The atmosphere’s budget is also balanced, since it receives 152 units and loses 152 units. Received energy includes absorbed incoming solar radiation, absorbed longwave radiation from the surface, and latent and sensible heat transfer from the surface. The atmosphere loses longwave energy by radiation to space and counterradiation to the surface.

The surface receives 144 units and loses 144 units. Incoming energy consists of direct solar radiation absorbed at the surface and longwave radiation from the atmosphere. Exiting energy includes latent and sensible heat transfer to the atmosphere and longwave radiation to the atmosphere and space.

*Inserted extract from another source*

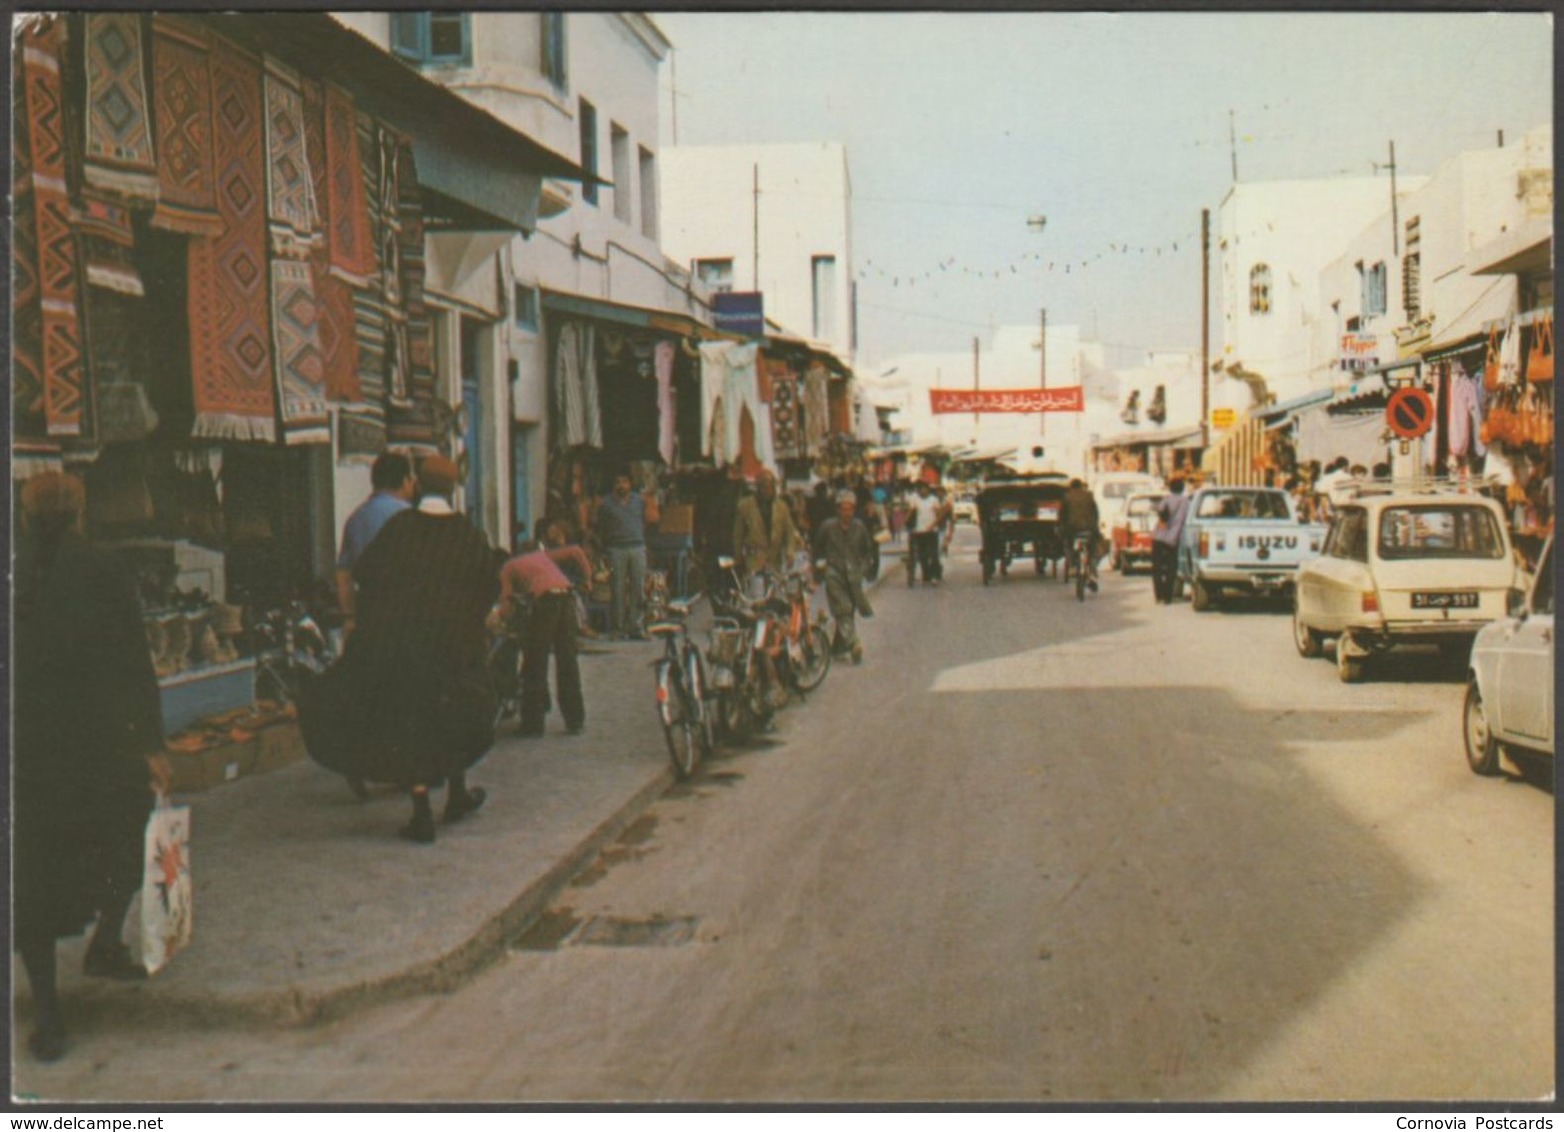 Centre Commerciale, Nabeul, C.1980s - Chamam CPM - Tunisia

The greenhouse effect is readily visible in the two largest arrows in the center of the figure. The surface loses 102 units of longwave energy, but receives 95 units of counterradiation from the atmosphere. These flows amount to a loop that traps and returns most of the heat radiation leaving the surface, keeping surface temperatures warm.


The global energy budget helps us understand how global change might affect the Earth’s climate. For example, suppose that clearing forests for agriculture and turning agricultural lands into urban and suburban areas decreases surface albedo. In that case, more energy would be absorbed by the ground, raising its temperature. That, in turn, would increase the flow of surface longwave radiation to the atmosphere, which would be absorbed and would then boost counterradiation. The total effect would probably be to amplify warming through the greenhouse effect.

What if industrial aerosols cause more low, thick clouds to form? Low clouds increase shortwave reflection back to space, causing the Earth’s surface and atmosphere to cool. What about increasing condensation trails from jet aircraft? These could cause more high, thin clouds, which absorb more longwave energy and make the atmosphere warmer, boosting counterradiation and increasing the greenhouse effect. The energy flow linkages between the Sun, surface, atmosphere, and space are critical components of our climate system, and human activities can modify these flows significantly.